• _DATA SUPPLIED_:
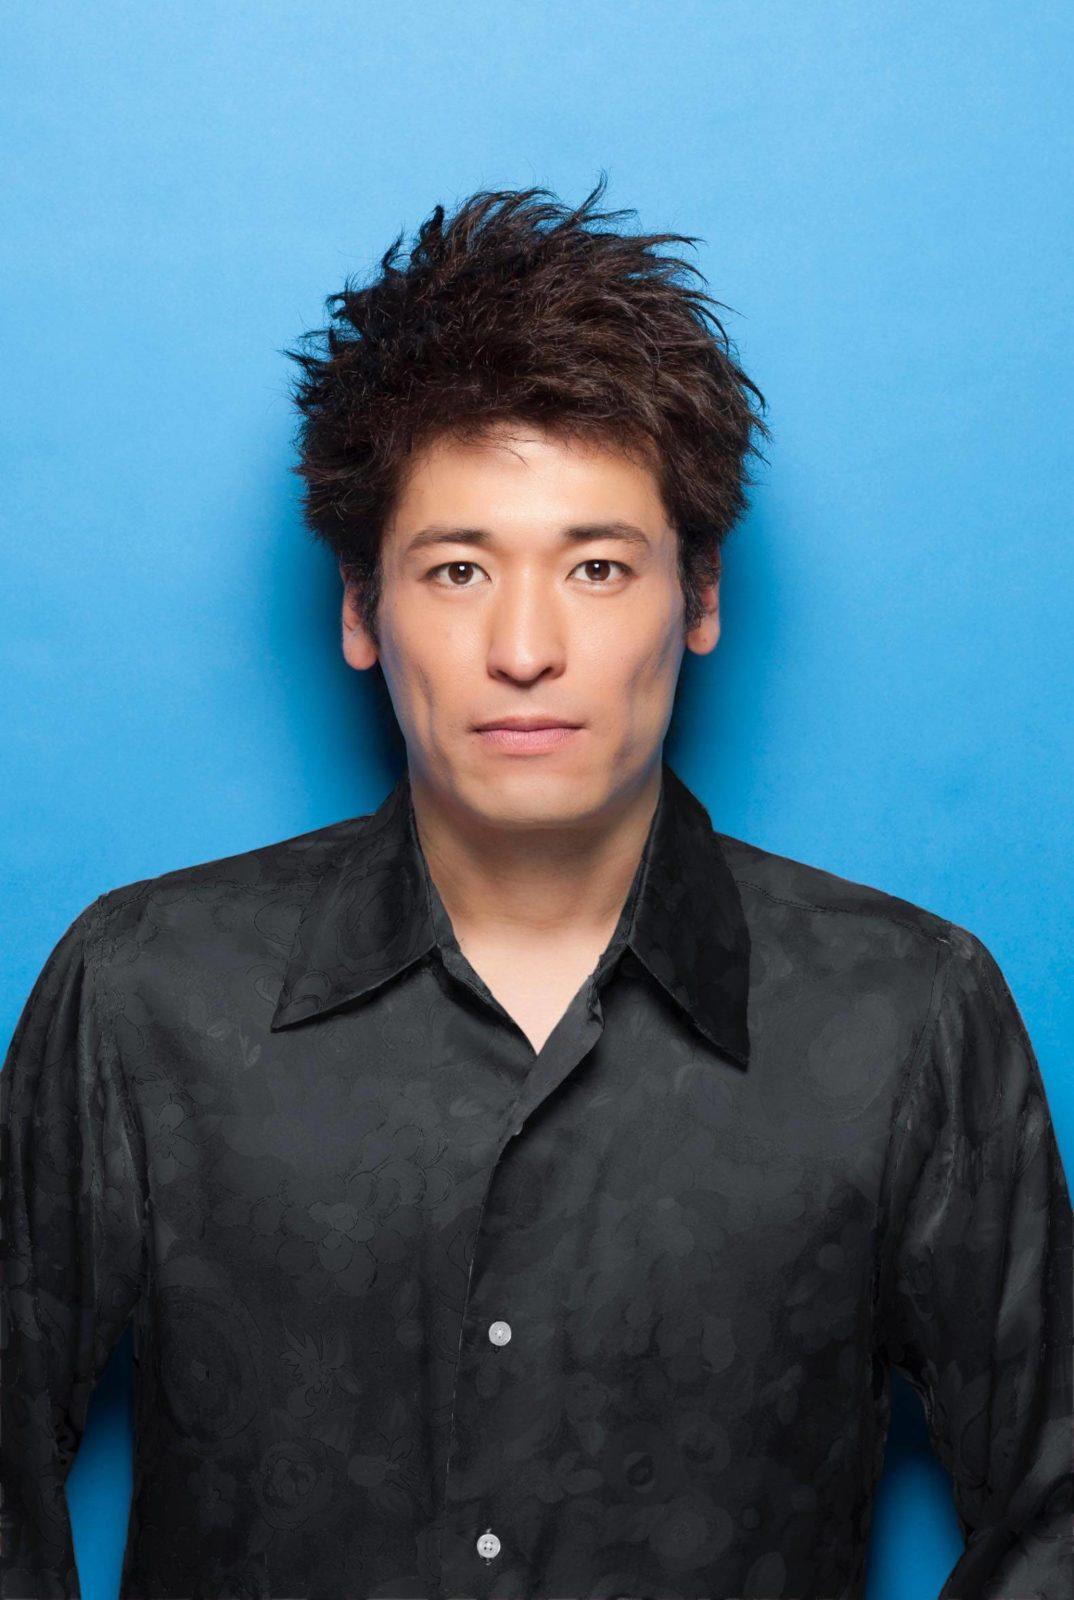 佐藤隆太のスニーカーマニアっぷりに反響「ガチだ」「熱すぎ」サムネイル画像
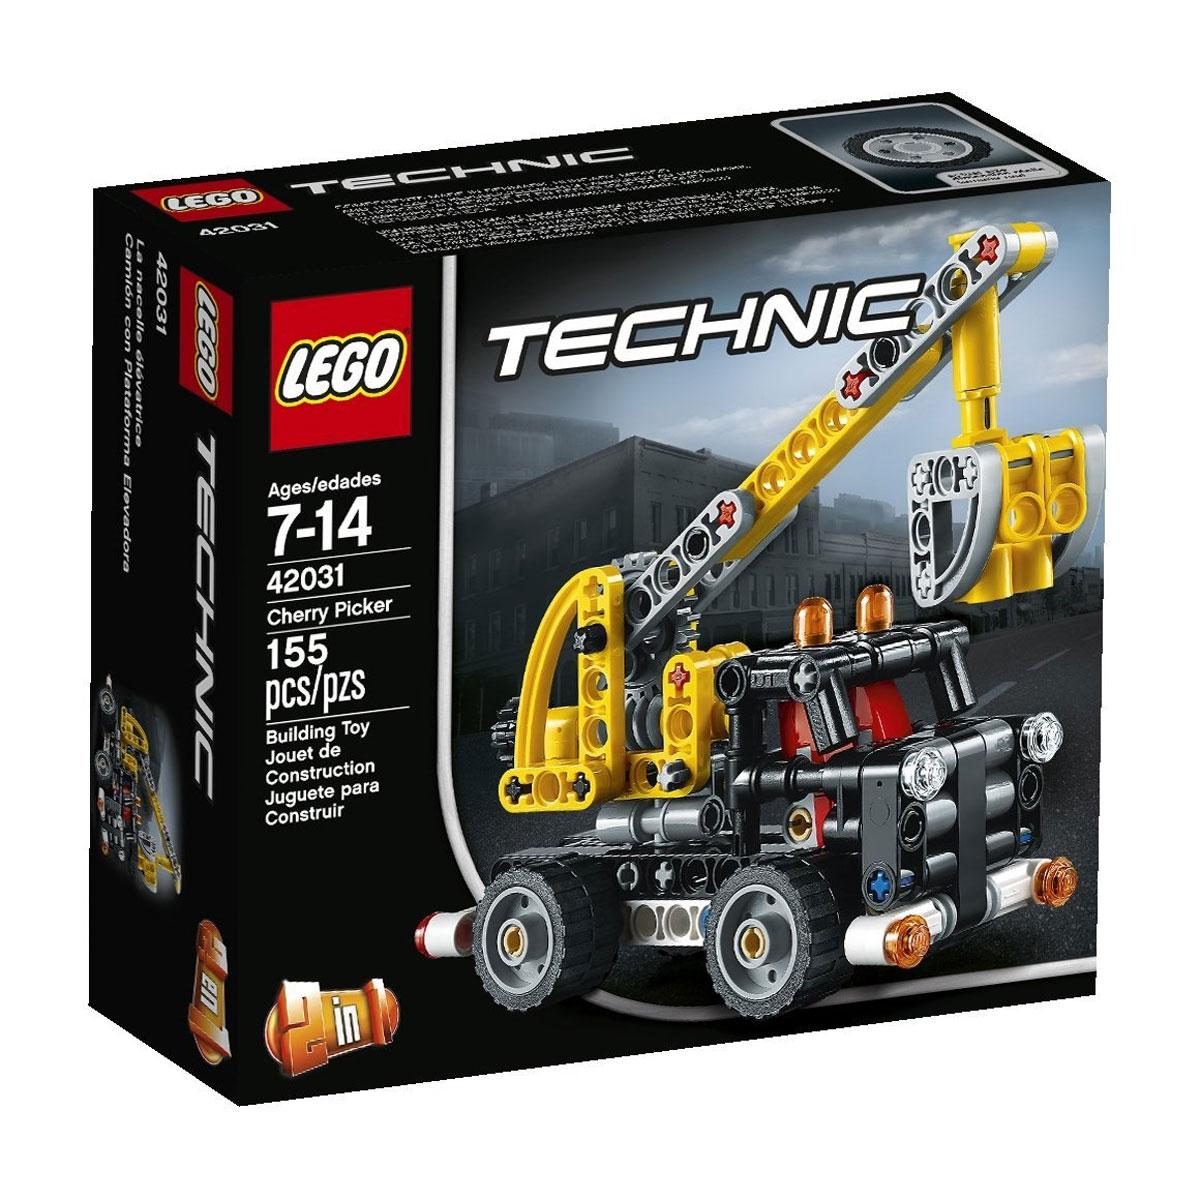 LEGO Technic Конструктор Ремонтный автокран42031Доберитесь до головокружительных высот с потрясающим автоподъемником из серии LEGO Technic! Ремонтный автокран станет незаменимым помощником на любой строительной площадке. Его массивный корпус выполнен из желто-черных деталей. Спереди видна кабина водителя с усиленной решеткой радиатора и круглыми фарами. Внутри кабины установлены ярко-красные кресла, а на крыше видны оранжевые сигнальные огни. Активная часть крана представлена рабочей стрелой и люлькой. При помощи специального вращающегося рычага, расположенного сзади, стрелу можно поднимать и опускать. Для транспортировки и эвакуации других транспортных средств автокран можно переделать в мощный тягач. Конструктор - это один из самых увлекательнейших и веселых способов времяпрепровождения. Ребенок сможет часами играть с конструктором, придумывая различные ситуации и истории. В процессе игры с конструкторами Lego дети приобретают и постигают такие необходимые навыки как познание, творчество, воображение. Обычные...
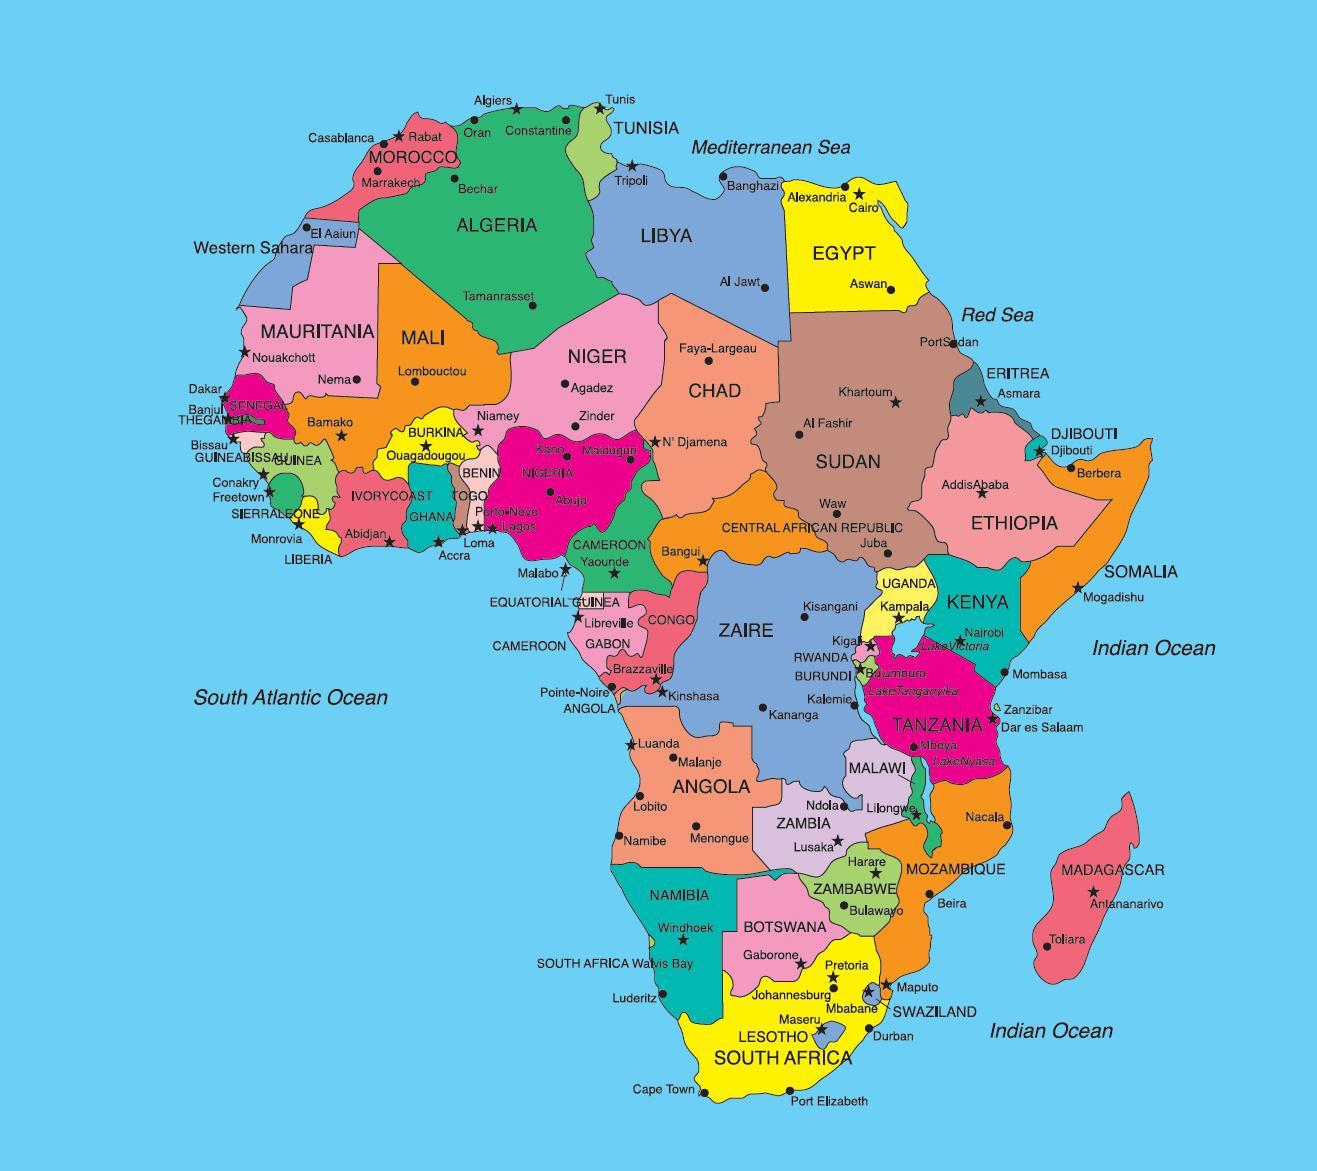 Africa Politica Cartina In Italiano.Parti Populiste Cartina Europa Politica Con Stati E Capitali
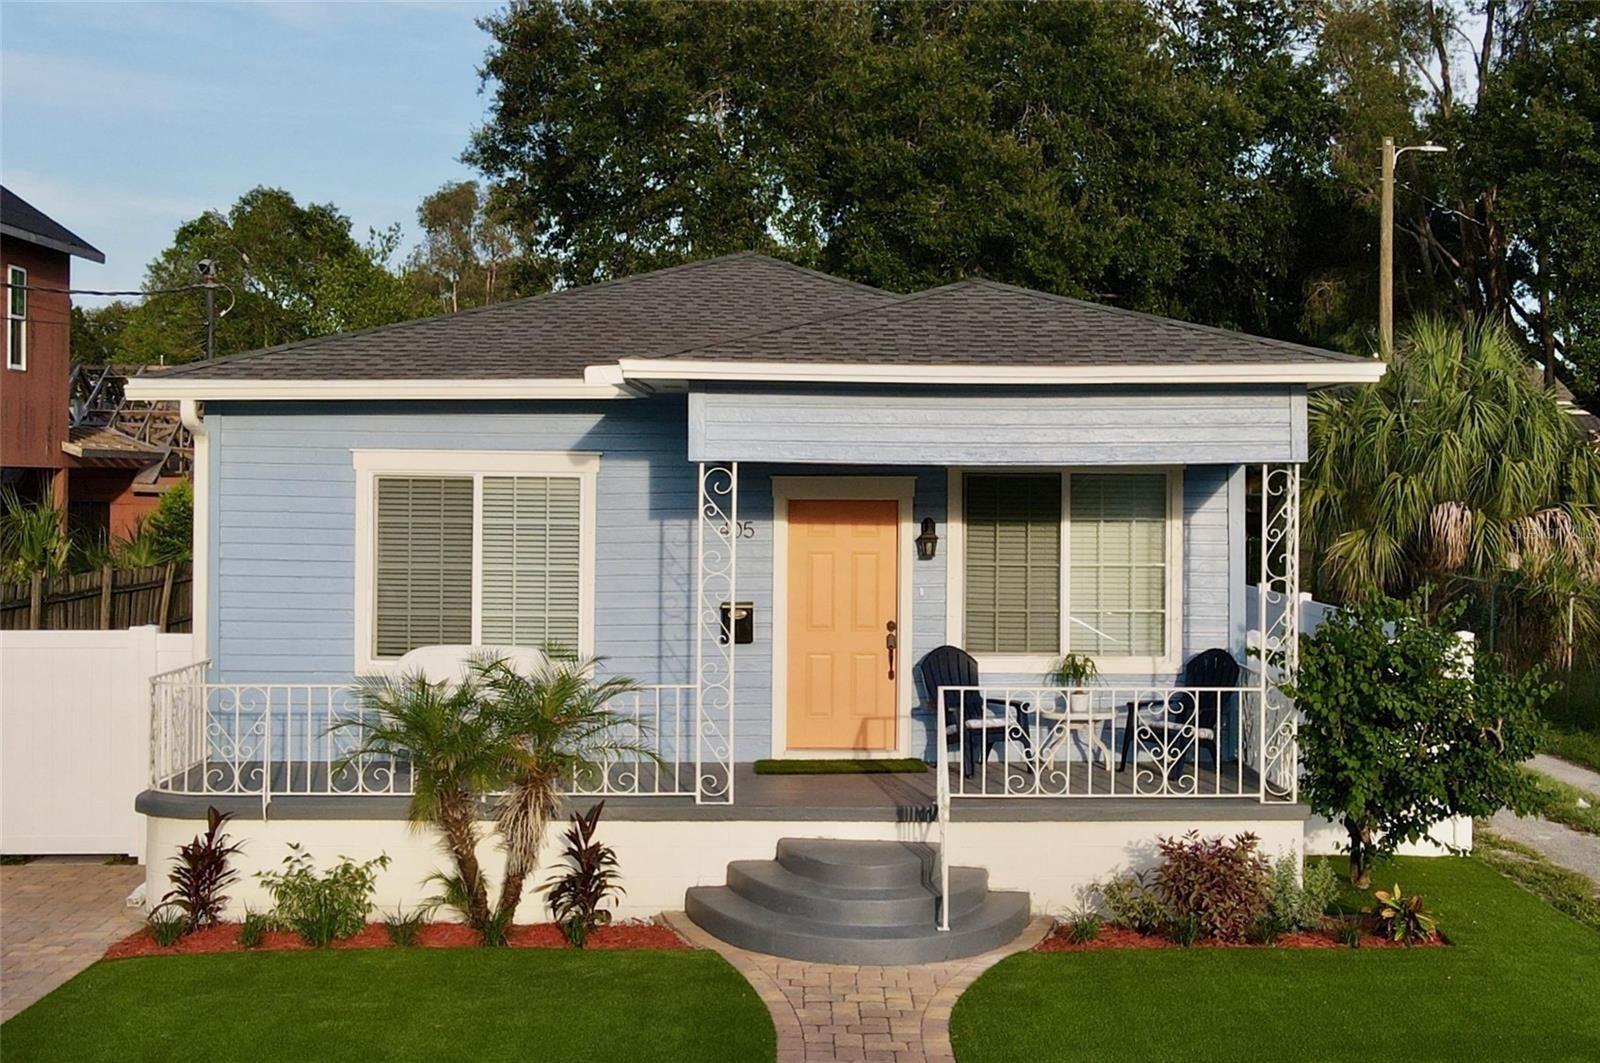 405 N ALBANY AVENUE, Tampa, FL 33606 - MLS#: T3333698
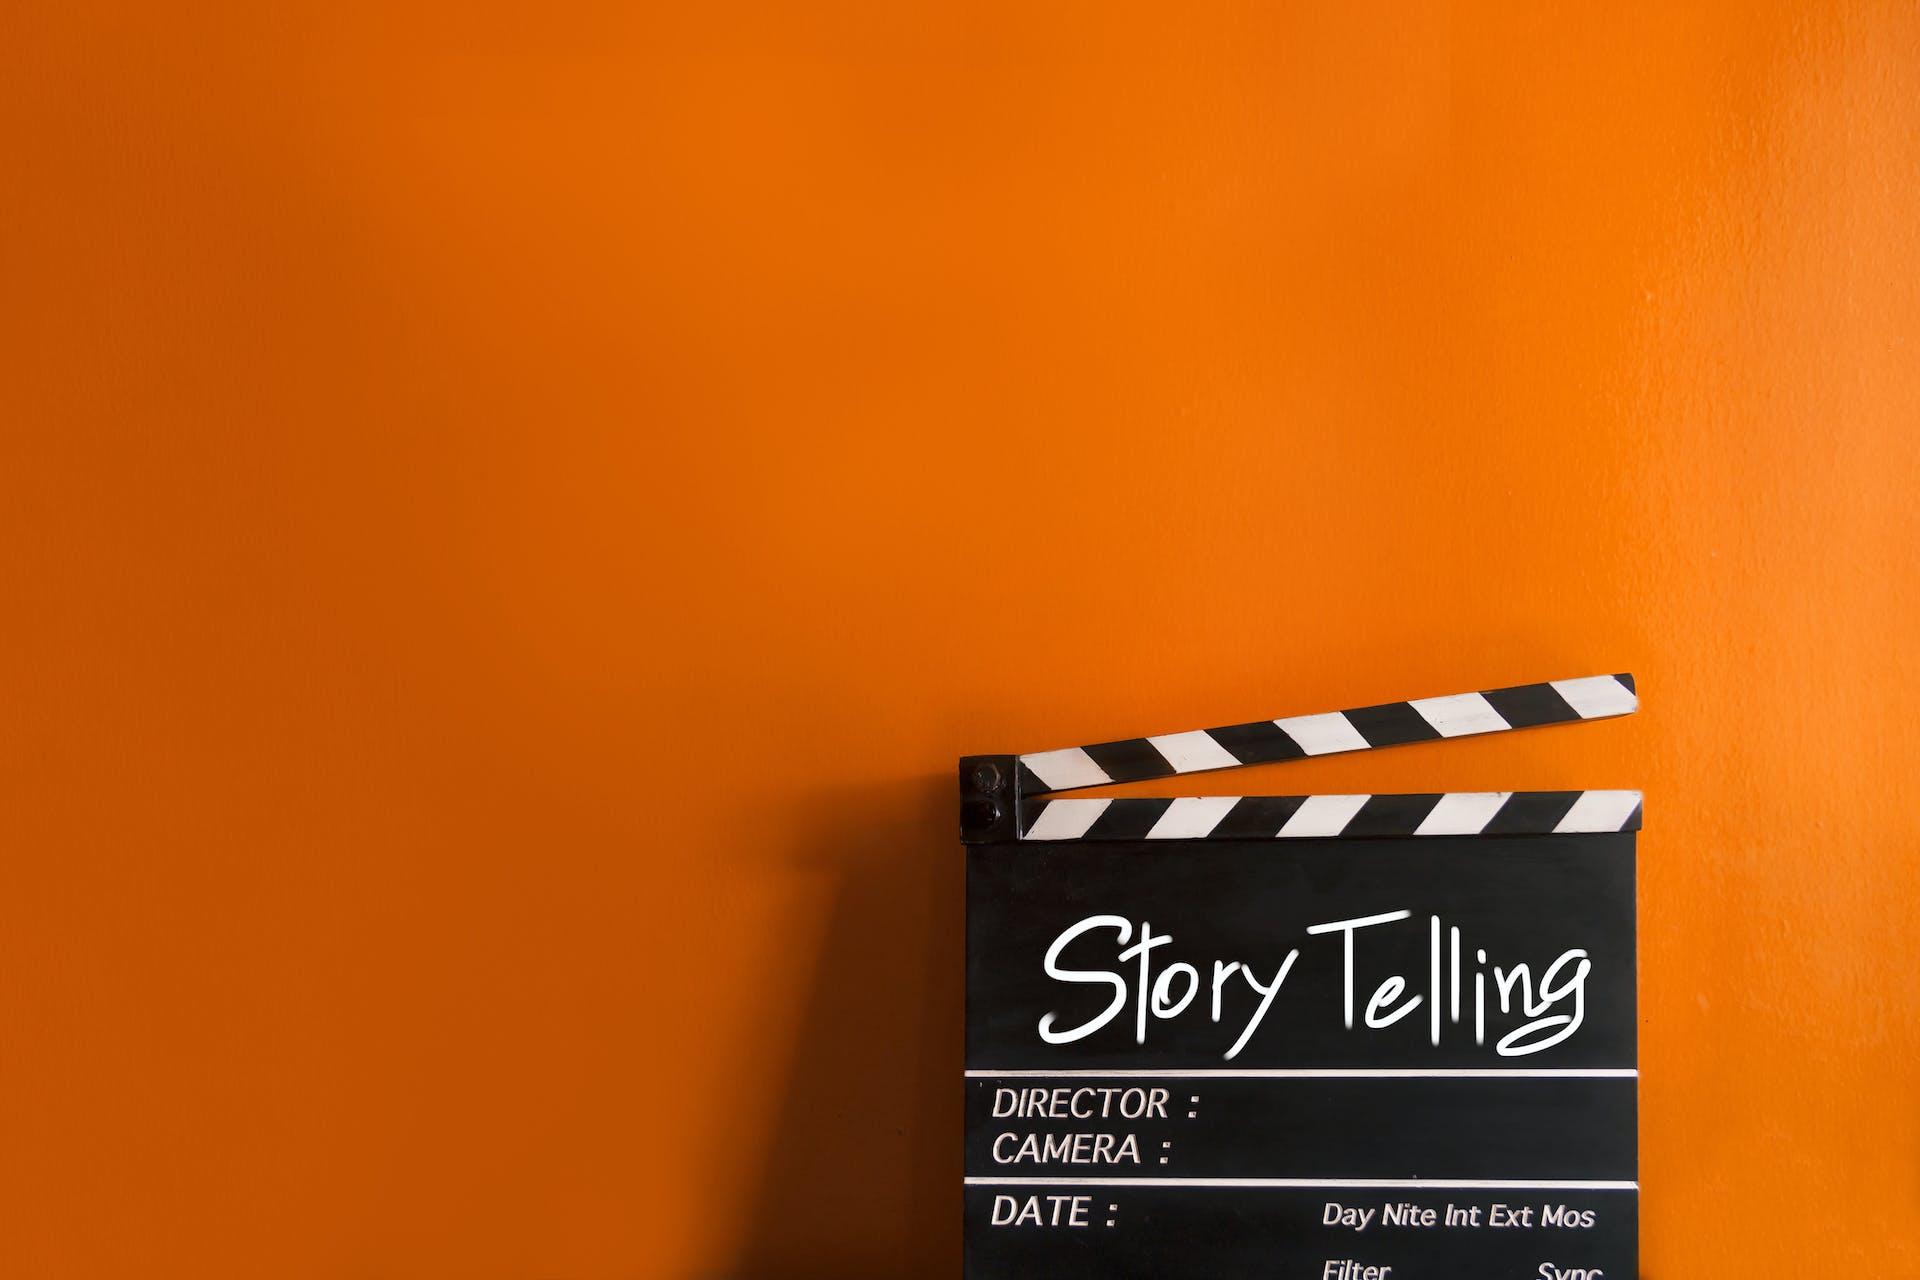 """Eine Filmklappe mit der Aufschrift """"Story Telling"""" auf einem orangenen Hintergrund"""
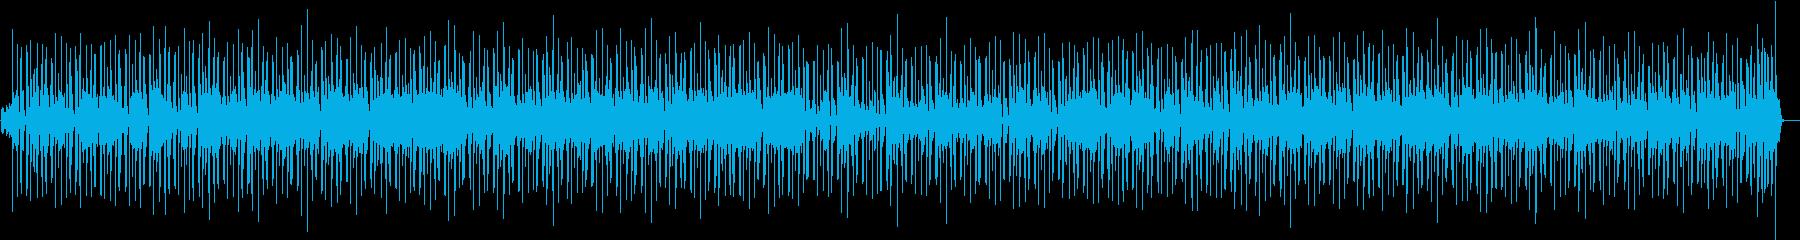 元気でパワーのあるニューオリンズ系ロックの再生済みの波形

• _PROBLEM DESCRIPTION_: Output, exactly, all the records above; include no pictures.

• _WRITTEN REPLY_:
 佐藤隆太のスニーカーマニアっぷりに反響「ガチだ」「熱すぎ」サムネイル画像
 LEGO Technic Конструктор Ремонтный автокран42031Доберитесь до головокружительных высот с потрясающим автоподъемником из серии LEGO Technic! Ремонтный автокран станет незаменимым помощником на любой строительной площадке. Его массивный корпус выполнен из желто-черных деталей. Спереди видна кабина водителя с усиленной решеткой радиатора и круглыми фарами. Внутри кабины установлены ярко-красные кресла, а на крыше видны оранжевые сигнальные огни. Активная часть крана представлена рабочей стрелой и люлькой. При помощи специального вращающегося рычага, расположенного сзади, стрелу можно поднимать и опускать. Для транспортировки и эвакуации других транспортных средств автокран можно переделать в мощный тягач. Конструктор - это один из самых увлекательнейших и веселых способов времяпрепровождения. Ребенок сможет часами играть с конструктором, придумывая различные ситуации и истории. В процессе игры с конструкторами Lego дети приобретают и постигают такие необходимые навыки как познание, творчество, воображение. Обычные...
 Africa Politica Cartina In Italiano.Parti Populiste Cartina Europa Politica Con Stati E Capitali
 405 N ALBANY AVENUE, Tampa, FL 33606 - MLS#: T3333698
 """Eine Filmklappe mit der Aufschrift """"Story Telling"""" auf einem orangenen Hintergrund"""
 元気でパワーのあるニューオリンズ系ロックの再生済みの波形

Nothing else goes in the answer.